To do:
For this exercise, copy all the data exactly and include none of the pictures.

Collected data:

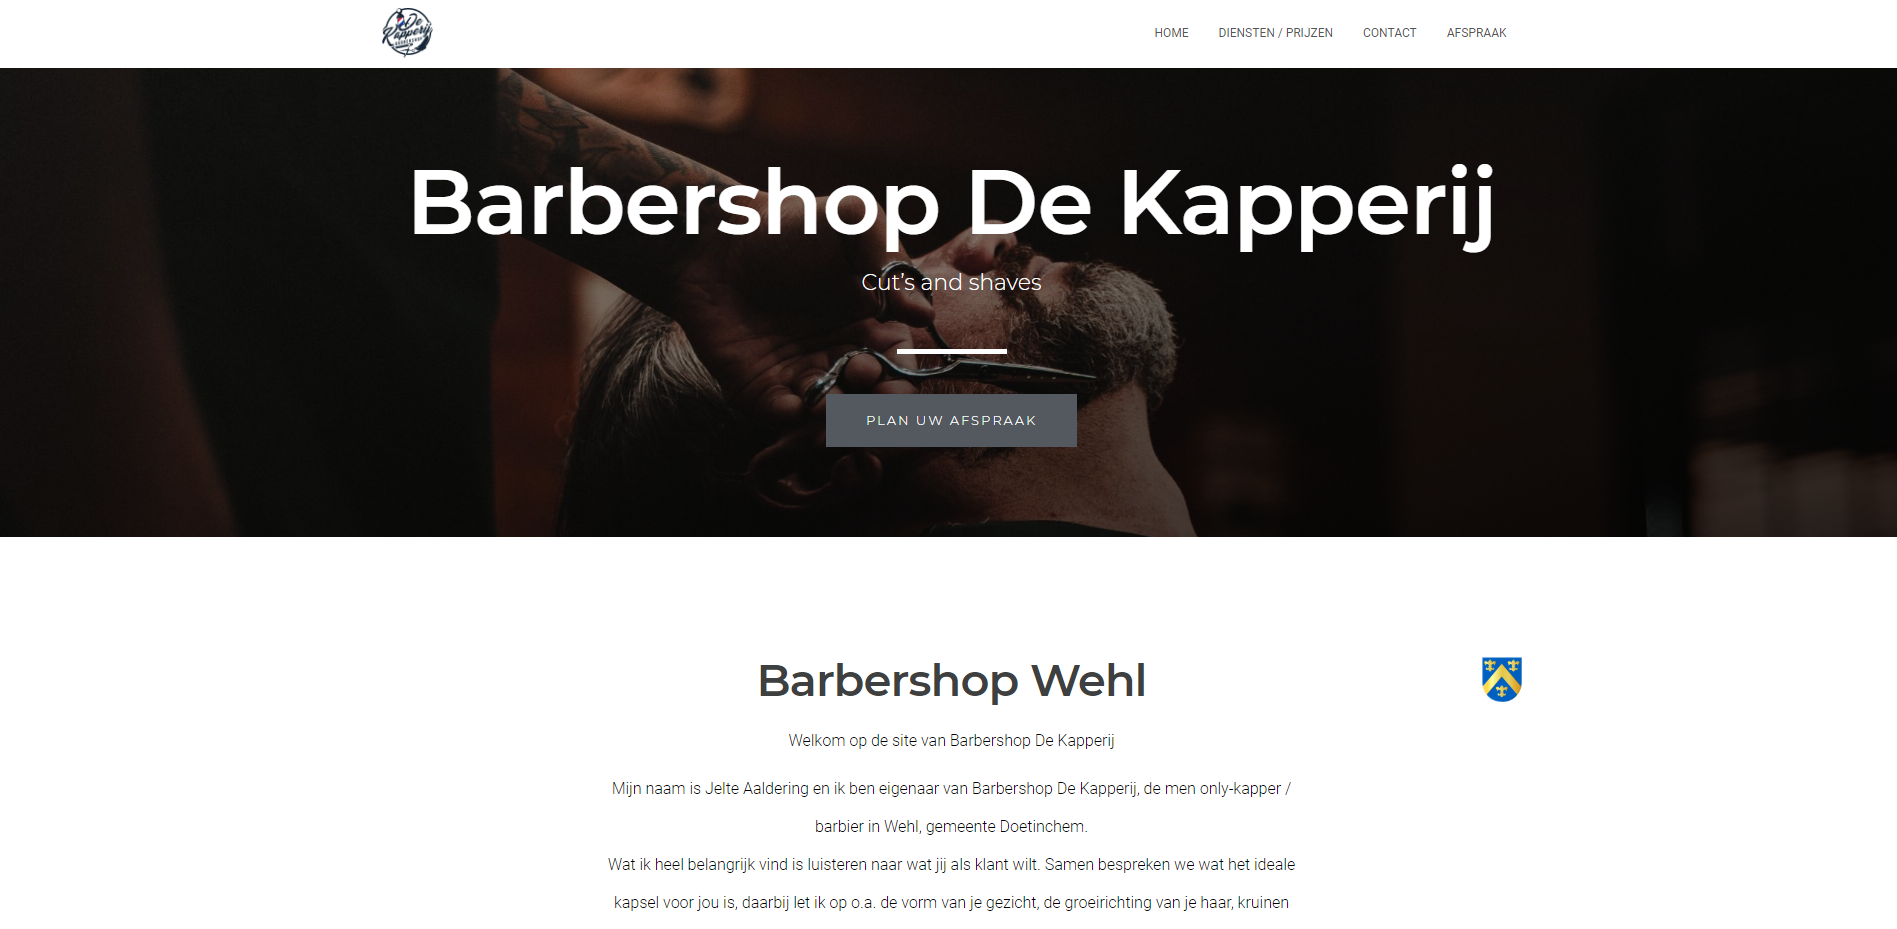 Barbershop De Kapperij
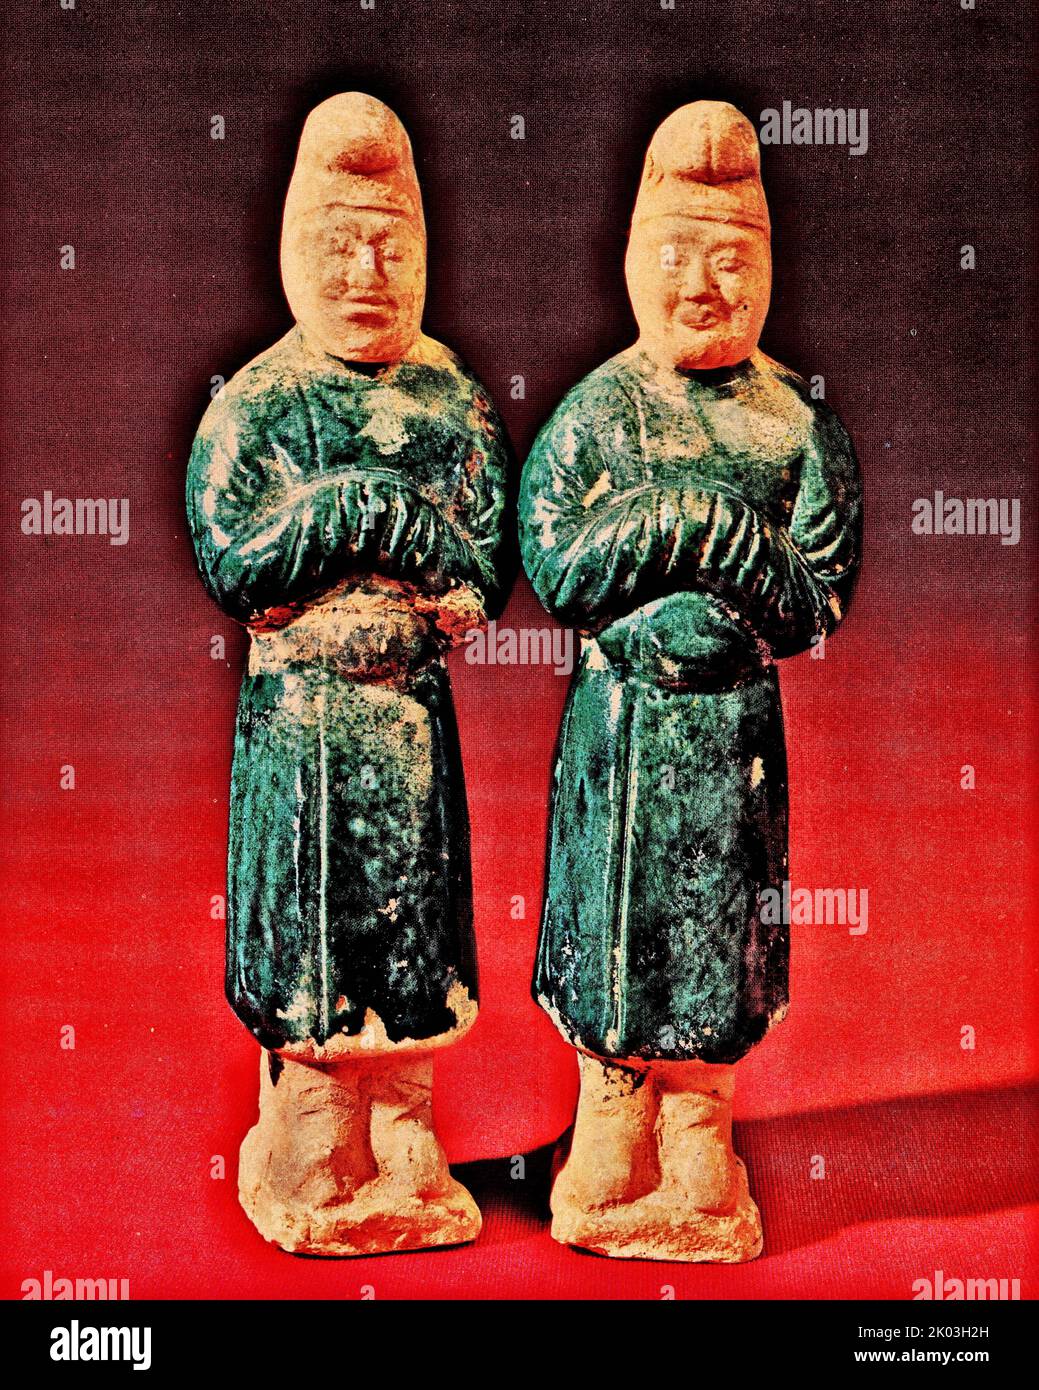 Tang-Dynastie-Figuren mit weißen, blau glasierten, auf einer kleinen quadratischen Plattform stehend, mit gefesselten Köpfen und langen Blusen mit rundem Hals und schmalen Ärmeln. Hüftgurt, doppelter Blick nach vorne, ernsthafter und unterwürfiger Ausdruck. Die Figuren sind mit blauer Glasur bedeckt. Kopf, Krone und Füße sind alle unglasiert, und die Produktion ist relativ einfach. Die beiden Figuren haben die gleiche Haltung und Kleidung. Stockfoto
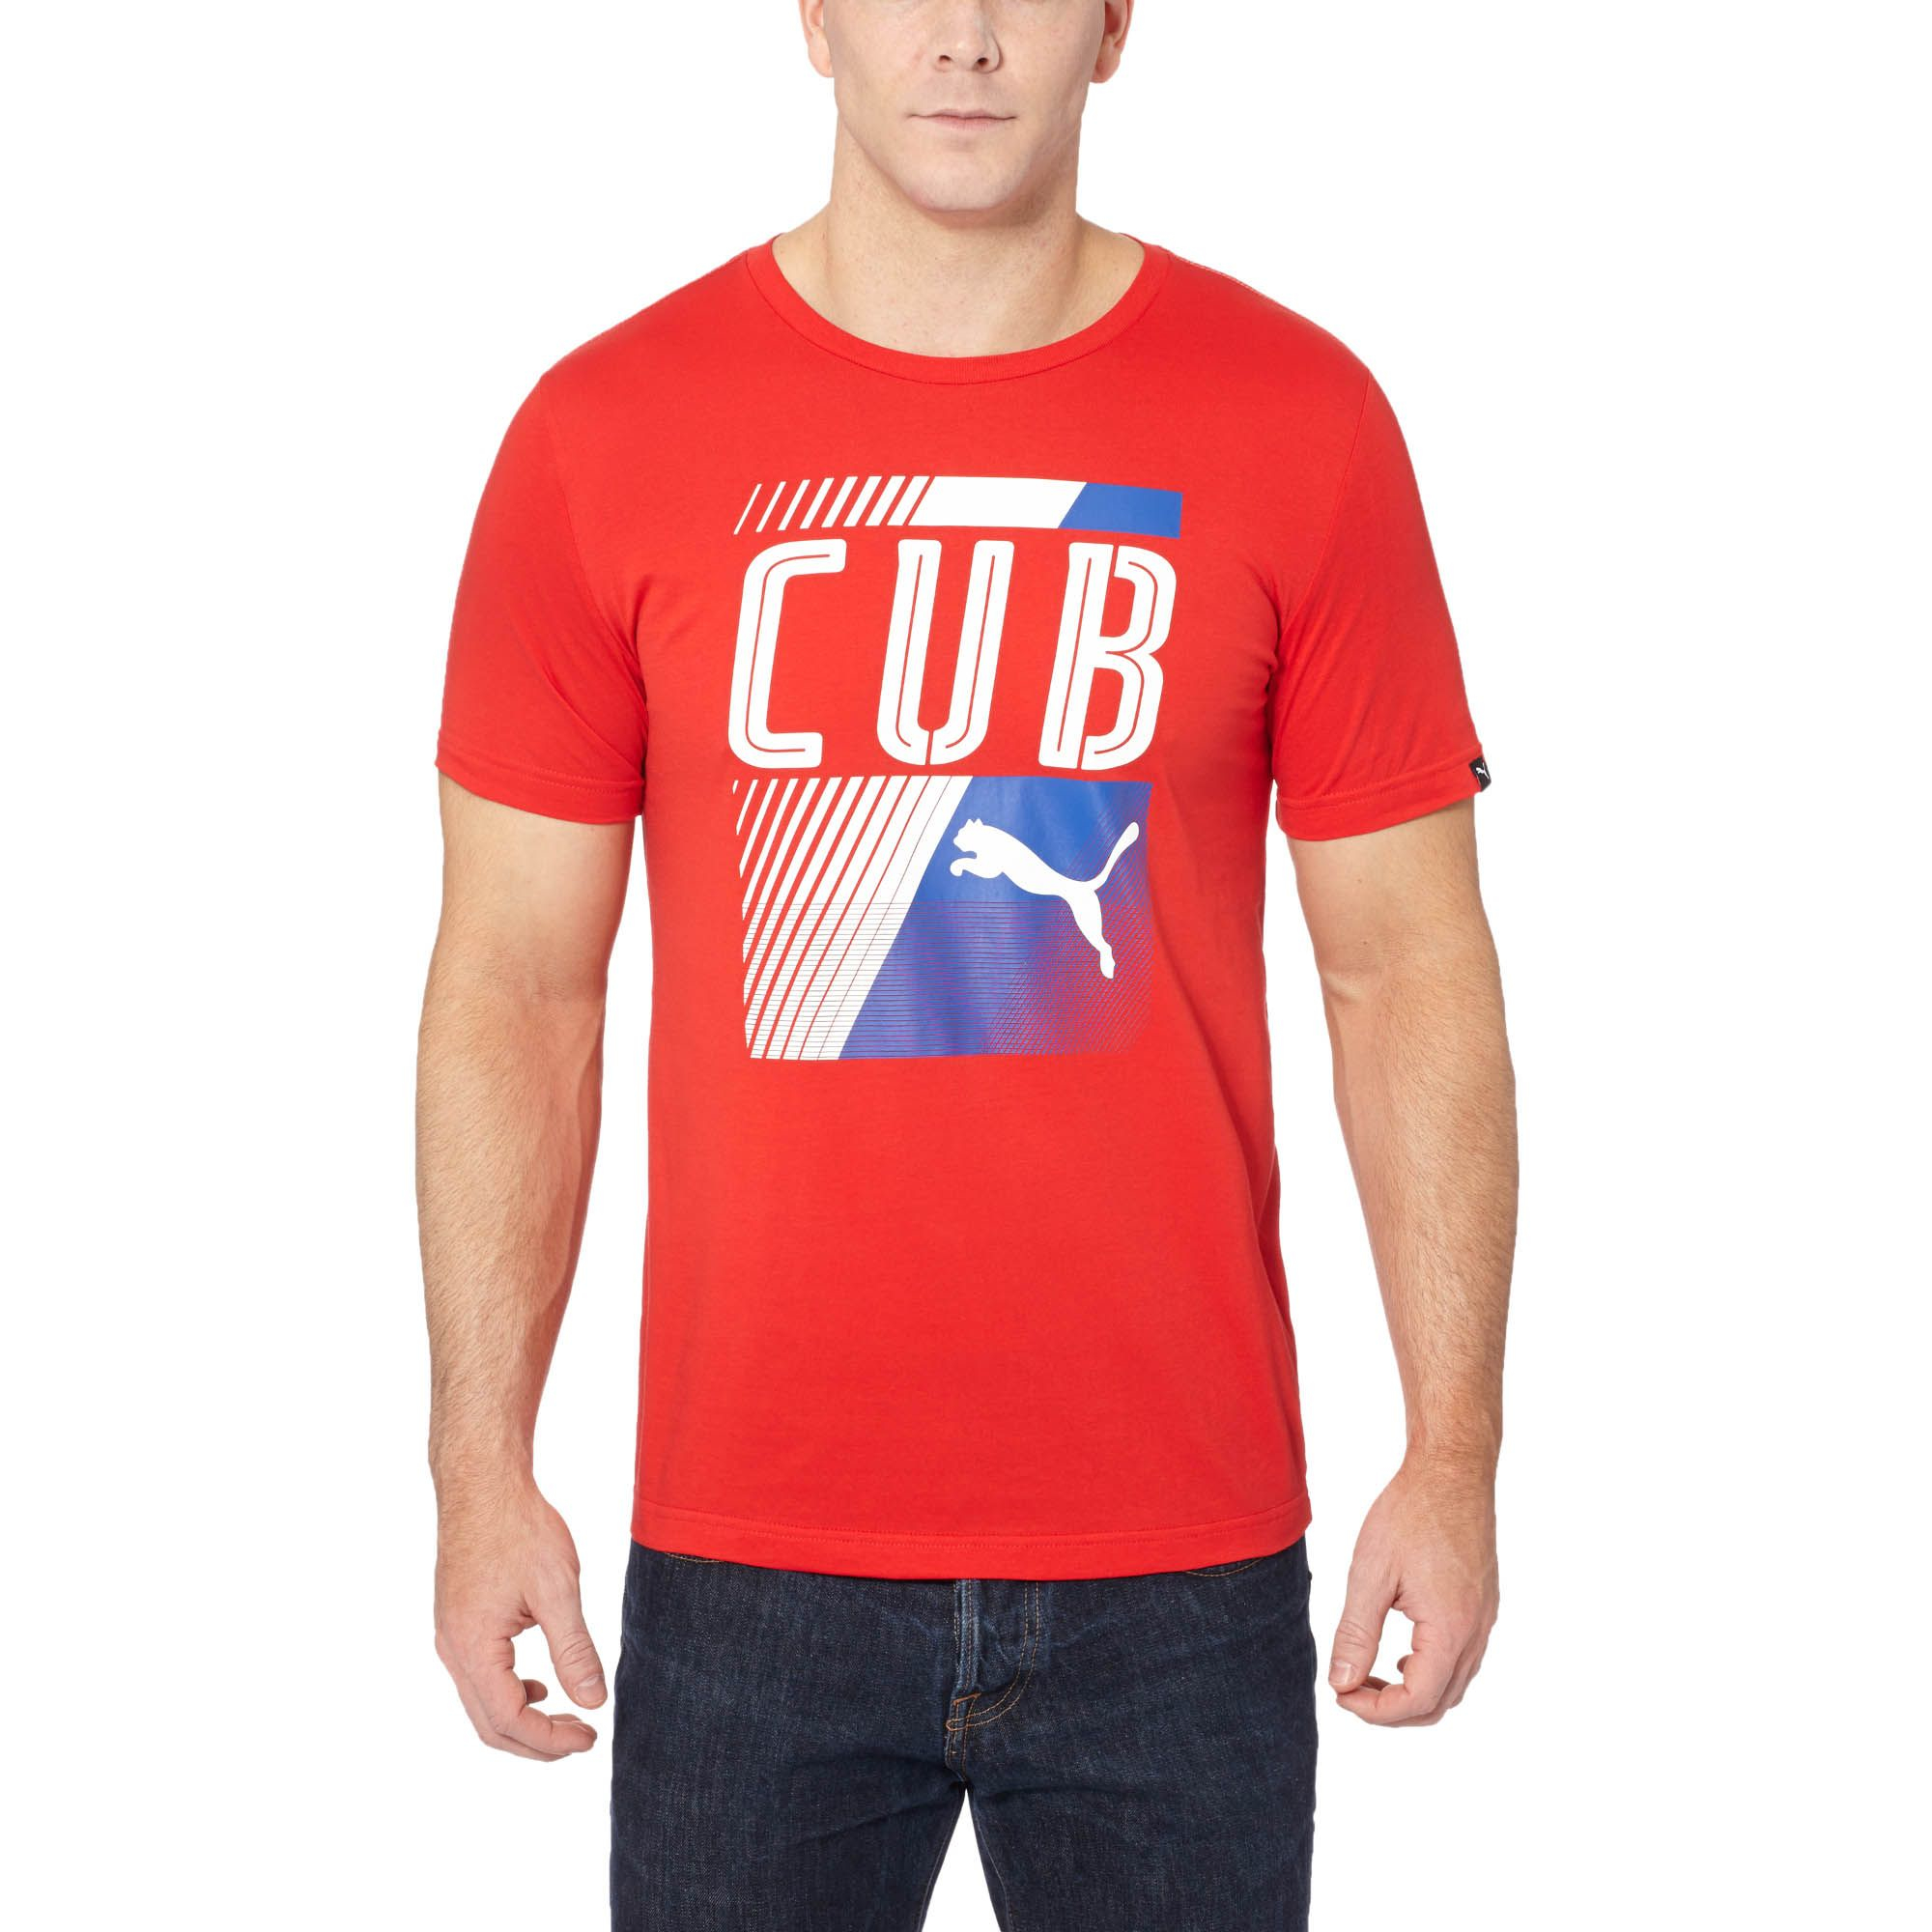 PUMA Cotton Cuba Fan T-shirt in Red for Men - Lyst

The completed task:
 Barbershop De Kapperij
 Tang-Dynastie-Figuren mit weißen, blau glasierten, auf einer kleinen quadratischen Plattform stehend, mit gefesselten Köpfen und langen Blusen mit rundem Hals und schmalen Ärmeln. Hüftgurt, doppelter Blick nach vorne, ernsthafter und unterwürfiger Ausdruck. Die Figuren sind mit blauer Glasur bedeckt. Kopf, Krone und Füße sind alle unglasiert, und die Produktion ist relativ einfach. Die beiden Figuren haben die gleiche Haltung und Kleidung. Stockfoto
 PUMA Cotton Cuba Fan T-shirt in Red for Men - Lyst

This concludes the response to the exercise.